Editor: Ronald L Calabrese1

In the interests of transparency, eLife includes the editorial decision letter and accompanying author responses. A lightly edited version of the letter sent to the authors after peer review is shown, indicating the most substantive concerns; minor comments are not usually included.

Thank you for submitting your article "Detection of transient synchrony across oscillating receptors by the central electrosensory system of mormyrid fish" for consideration by eLife. Your article has been favorably evaluated by Eve Marder (Senior editor) and three reviewers, one of whom, Ronald L Calabrese (Reviewer #1), is a member of our Board of Reviewing Editors. The following individuals involved in review of your submission have agreed to reveal their identity: Maurice J Chacron (Reviewer #2); John E Lewis (Reviewer #3).

The reviewers have discussed the reviews with one another and the Reviewing Editor has drafted this decision to help you prepare a revised submission.

Summary:

The authors present a very interesting advance to a previous publication in eLife in which they had demonstrated that spontaneously oscillating electroreceptors in weakly electric fish (Mormyridae) respond to electrosensory stimuli with a phase reset that results in transient synchrony across the receptor population. The advance here is that they extend this observation to the electrosensory lobe where electroreceptor sensory information is processed. They do this in the context of comparisons to other species that do not have oscillating, but spiking, receptors and are sensitive to electrosensory waveform variation. The analysis indicates that the oscillating receptor synchrony is processed faithfully in the EL of oscillating receptor fish, and the comparisons have interesting evolutionary implications: anatomical, physiological, and behavioral.

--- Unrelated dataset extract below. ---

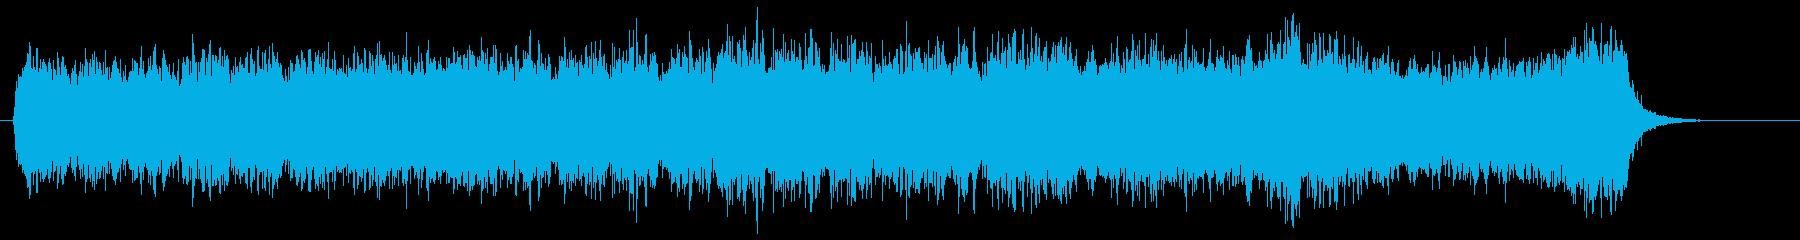 ウェディングで美しいクワイア/コーラスの再生済みの波形

This advance should be a wide interest in the neuroethology community and also to other sensory physiologists and neuroscientists interested in the role of oscillations in brain networks (especially sensory networks) because it serves as an example of how synchrony can carry critical information.

Essential revisions:

1) The interpretation of the sinewave stimuli as in Figure 3 (also used in the first paper) is tricky. It appears that the stimulus is a single cycle sinewave "pulse", and so frequency is related to EOD pulse duration in a way. We ask the authors to clarify how the sinewave stimuli were obtained and delivered, perhaps by showing actual waveforms.

The Field Potential response is less sensitive to amplitude of this pulse in P. tenuicauda (oscillator species); FP amplitude also peaks at a much lower frequency (or duration) than the typical range of EOD pulse duration, suggesting that this species does not code EOD duration. It would enhance the impact of the advance to show how the level of synchrony changes over the stimulus amplitude range tested in Figure 3C (which shows relatively small changes in FP amplitude, and thus given a synchrony code, would suggest little change in synchrony). Synchrony in oscillating receptors should correlate with the relative lack of change in FP amplitude in P. tenuicauda. It should also correlate with changes in FP amplitude in species with spiking receptors. These data may be available from experiments already performed in the previous paper and this advance, and if so would we ask for these analyses rather than new experiments. If the expectation cannot be confirmed in existing data then the issue should be dealt with forthrightly in Discussion.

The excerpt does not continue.